The finding that parents can pass on characteristics to their offspring that they have acquired during their lives has now been affirmed by modern epigenetic research, including work on environmental toxins (e.g., Skinner, 2015, 2016). Indeed, it now looks like some of these characteristics can be acquired emotional personality traits. Studies of “Lamarckian inheritance” have blossomed in the twenty-first century and are amplifying our understanding of the true complexities of our human-animal nature.
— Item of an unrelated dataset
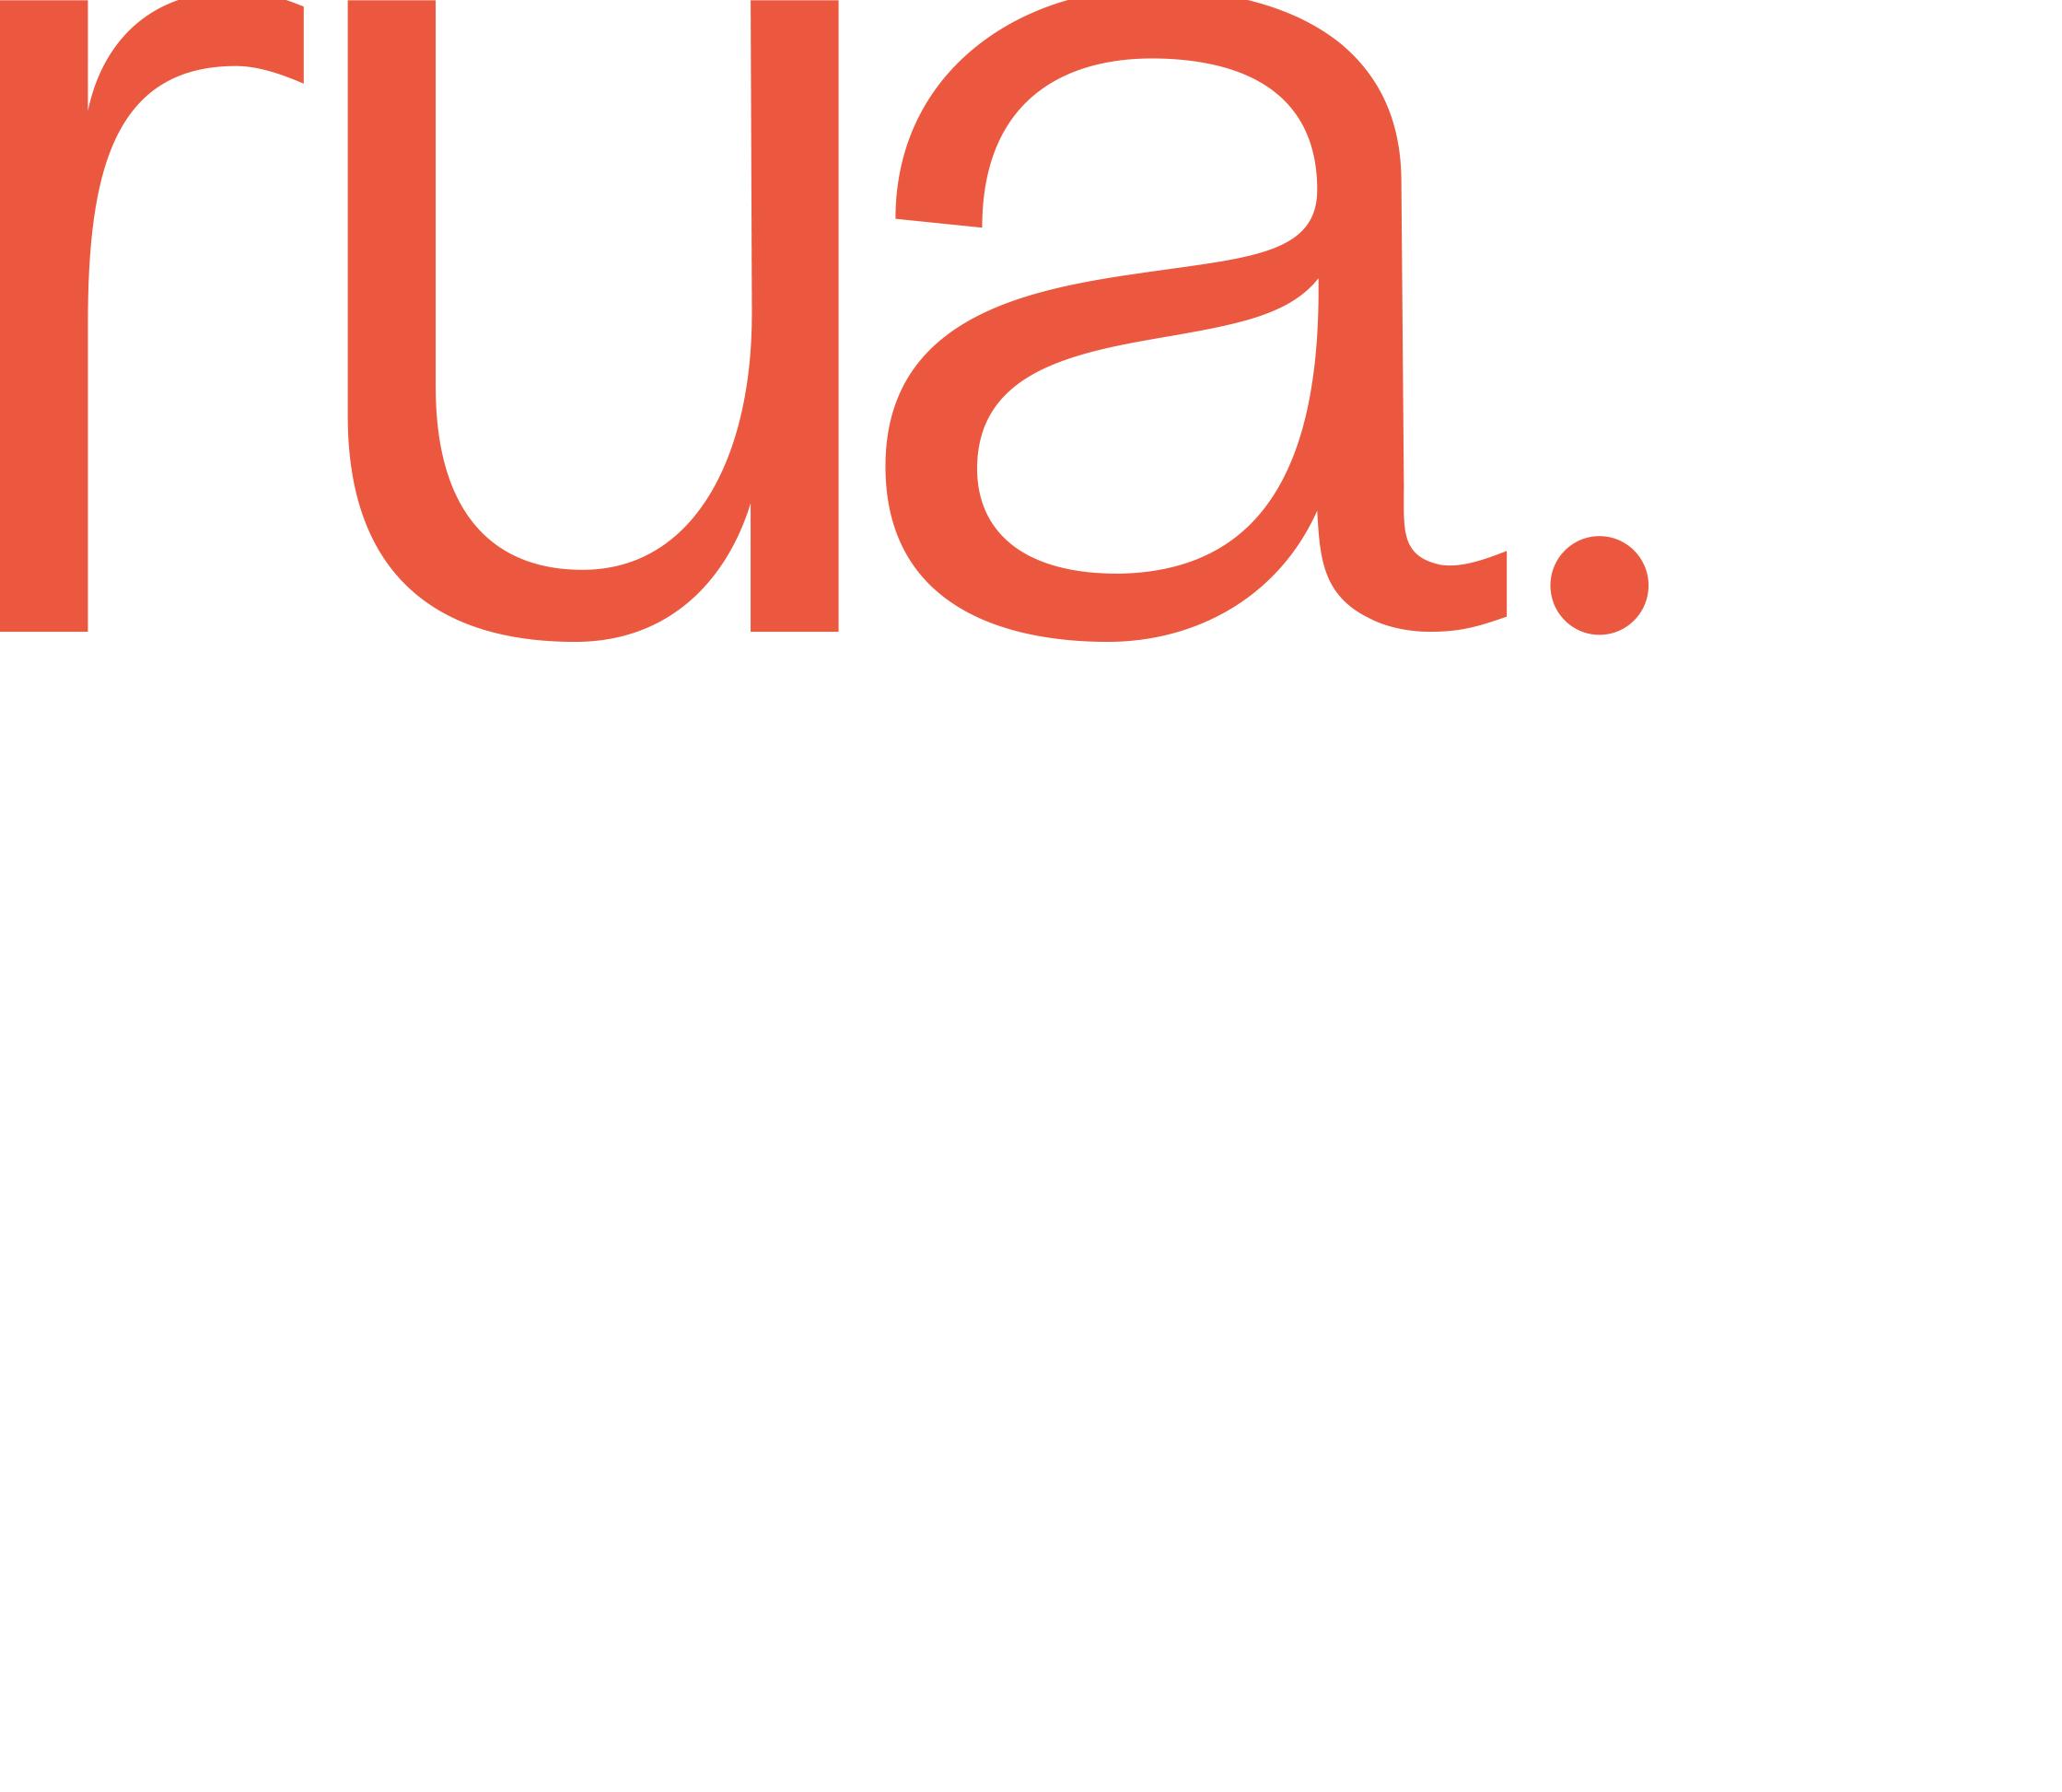 rua_Logo.jpg

The bottom line is clear for parents: As the twig is bent, so the tree will grow—now supported by the fact that children’s genes are affected by more than their nucleotide sequences. Psychologically, the best inheritance parents can give their children is abundant quality emotional time each day, especially, perhaps, abundant natural social play each and every day. This may promote epigenetic pathways that diminish childhood problems like attention-deficit hyperactive disorder, reducing the need to give children medicines that are well known to be addictive (Panksepp, 2007b, 2008b). Indeed, one can envision epigenesis operating at a cultural rather than just an individual level, with social play-promoting cultural values influencing how the brains of our young people mature.
CHAPTER 16
Human Brain Imaging
The basic emotions are natural kinds that have specifiable neural substrates within the mammalian brain. If we do not come to terms with such foundation principles, we will have impoverished views of psychological and cultural complexities that ultimately arise from emotional learning.
—Jaak Panksepp, “Emotions as Natural Kinds Within the Mammalian Brain”
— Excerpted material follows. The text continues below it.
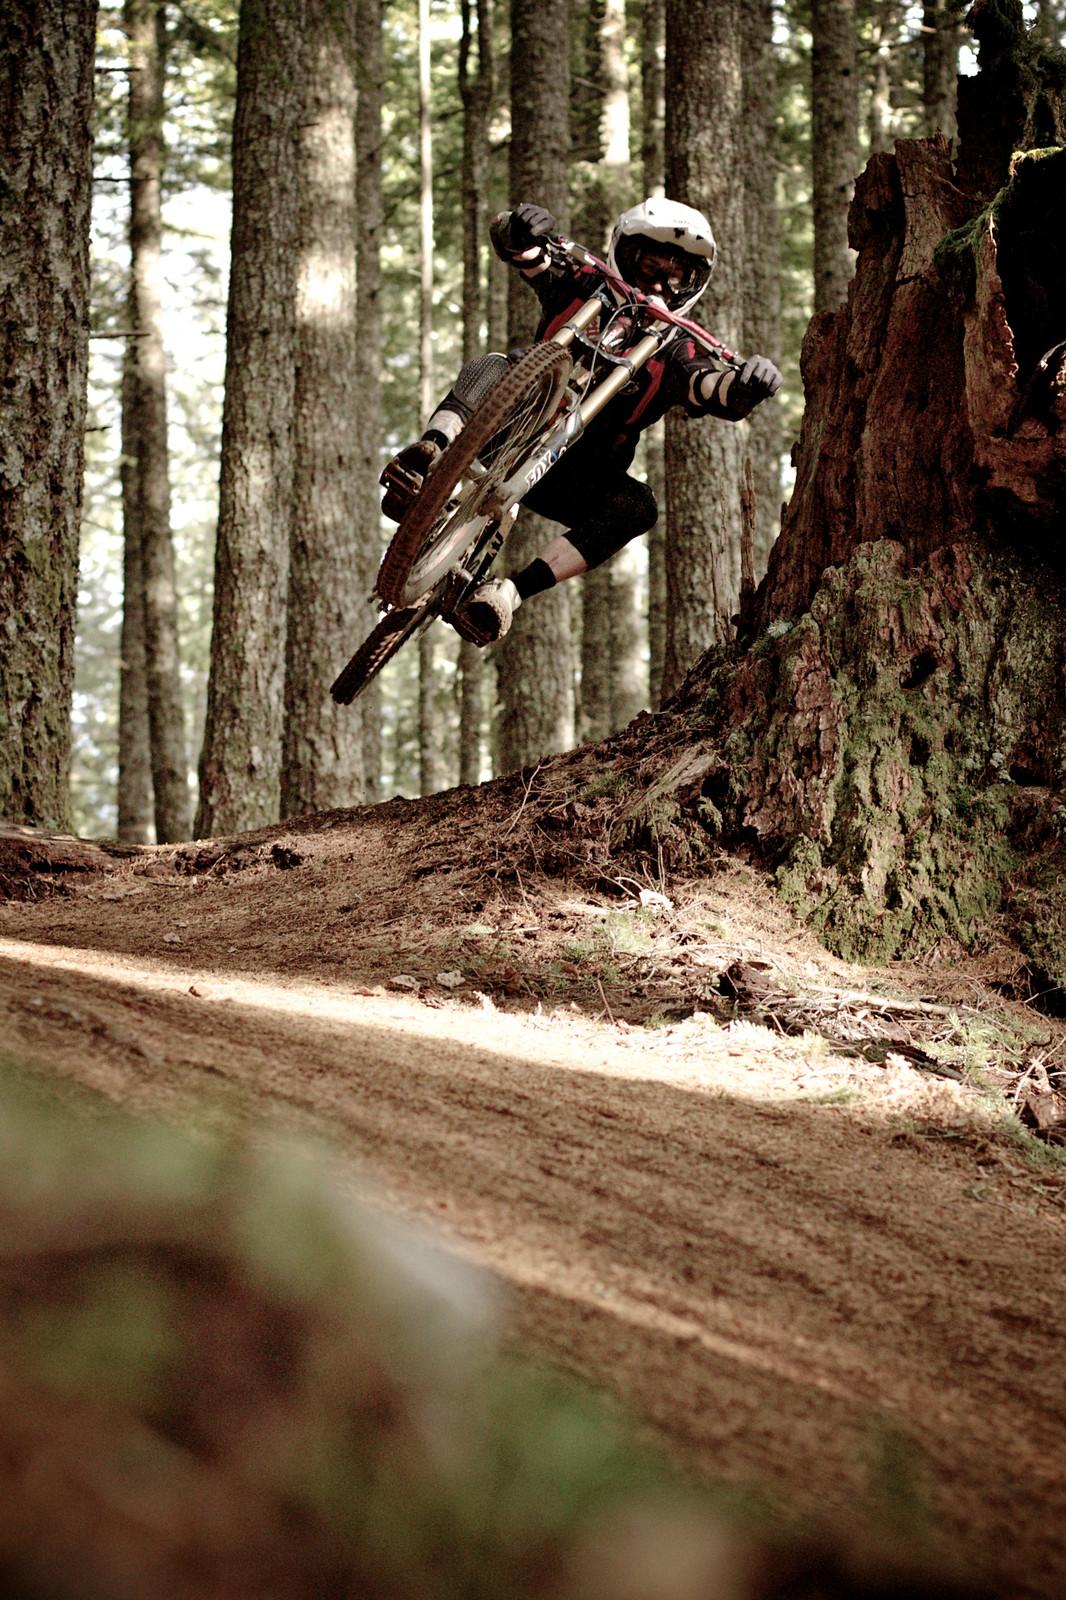 Backseat Bobby Stenson - corytepper.com - Mountain Biking Pictures - Vital MTB

BRAIN IMAGING HAS BECOME a popular tool in the neurosciences. The brain imaging procedure that has become the most common and easiest to administer is functional magnetic resonance imaging (fMRI). Like computed tomography (CT), MRI is able to generate cross-sectional images of human anatomy without using X-rays. However, fMRI combines MRI technology with highly specialized statistical analyses to measure localized brain activity. Typically, fMRI uses the blood-oxygen-level dependent signal contrast to measure blood flow in a brain region. The assumption is that when brain activity increases, blood flows to that region and hence oxygen levels increase as well. While this assumption generally holds when measuring the activity of cortical regions of the brain, with their rapidly firing neurons, subcortical neurons tend to fire at much lower rates than cortical neurons creating a detection bias against finding statistically significant estimates of brain activity increases in subcortical regions. In addition, functionally relevant subcortical regions are generally smaller in size, with many nearby, overlapping functional circuits, making them even more difficult to detect.
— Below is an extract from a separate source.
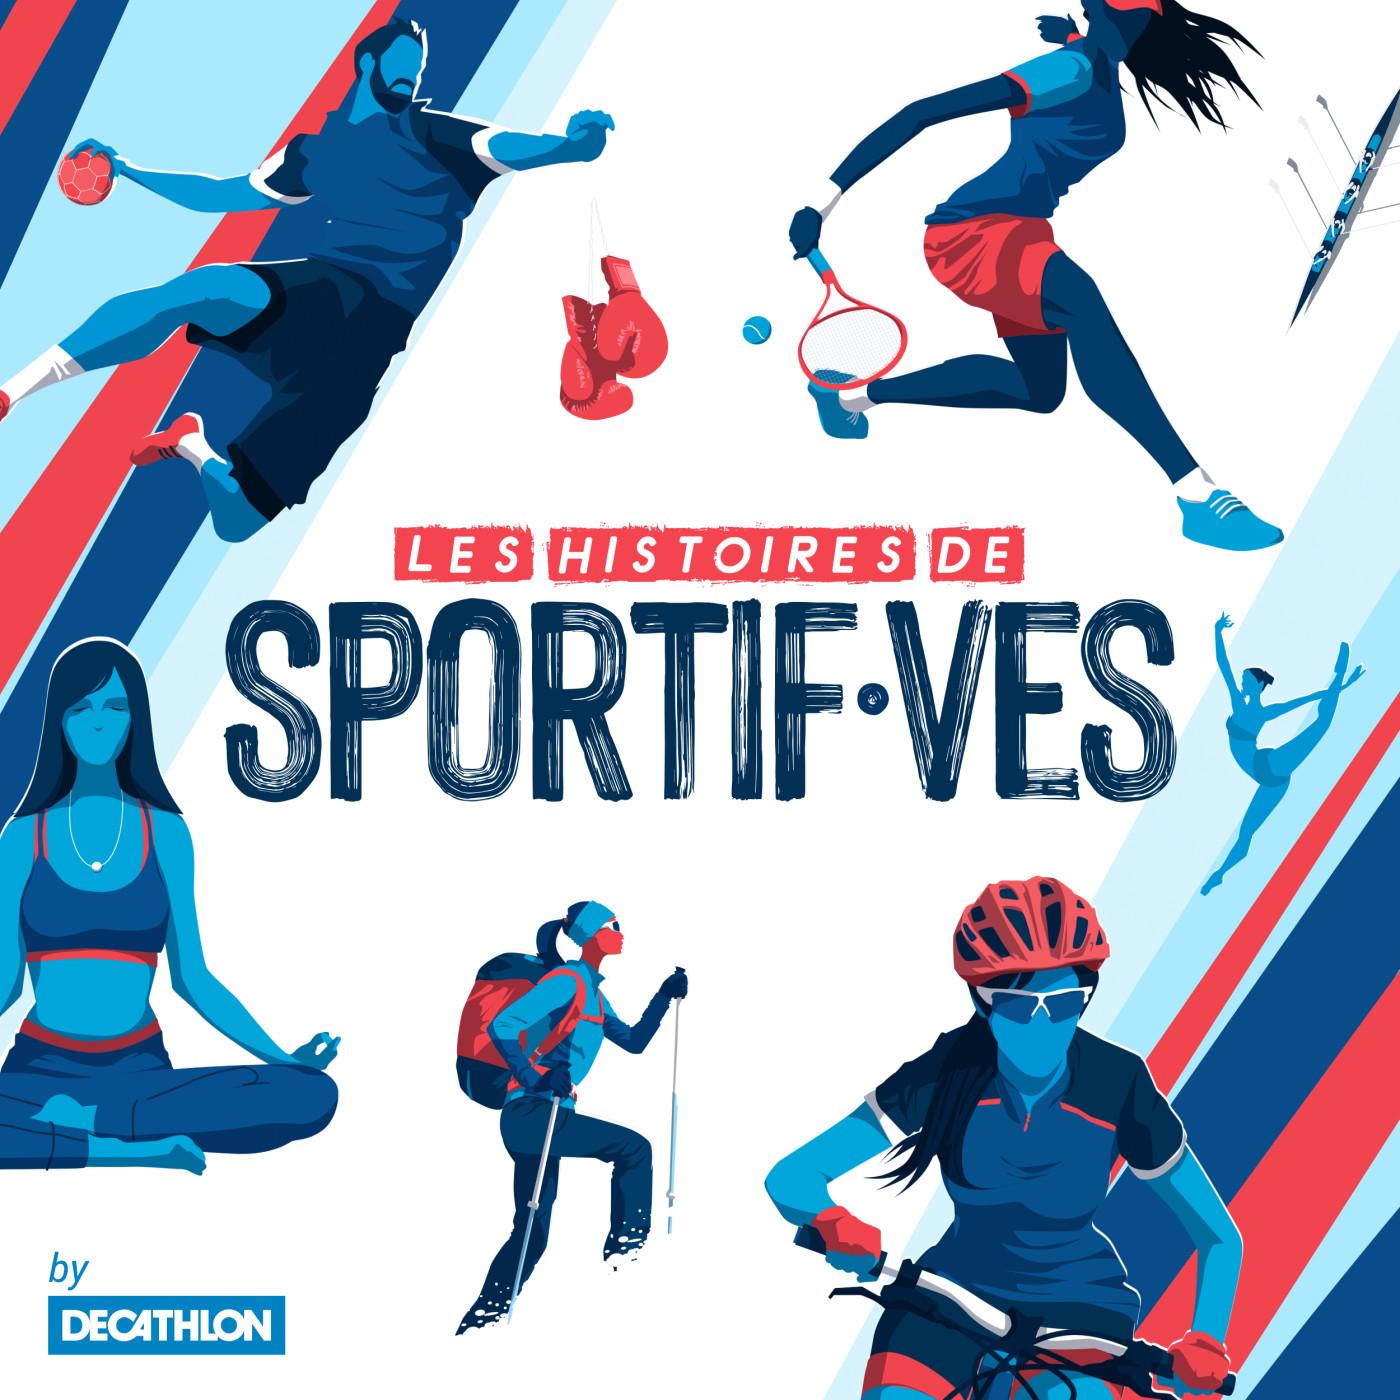 Les Histoires de Sportif·ves by Decathlon.

PET ALTERNATIVE: THE DAMASIO GROUP
An alternate brain scanning procedure, positron emission tomography (PET), is more invasive but substantially more relevant for imaging emotional feelings and particularly so for the smaller, slower-firing subcortical regions of the brain. With PET, not only can general brain activity measures be monitored, typically, by measuring glucose utilization (because the main fuel for brain activity is glucose) but there is also the possibility of measuring various neurochemicals from traditional transmitters—biogenic amines such as dopamine, serotonin, and norepinephrine to more specific functional controls such as brain opioids, as long as positron emitting forms of these molecules have been synthesized.
A landmark study published in the prestigious scientific journal Nature by Antonio Damasio’s research group, which included his wife Hanna who is a specialist in brain anatomy (Damasio et al. 2000), used PET technology to image the whole brain while their subjects actually experienced emotionally powerful states evoked by reminiscences of their own lives. In other words, their goal was to identify neuroanatomical regions whose activity correlated with the experiencing of specific personal memories of past emotional feelings. To ensure optimal results, they first screened their subjects for their ability to self-induce emotions through recalling autobiographical memories of emotionally powerful personal experiences, as well as a neutral episode recalling normal daily events.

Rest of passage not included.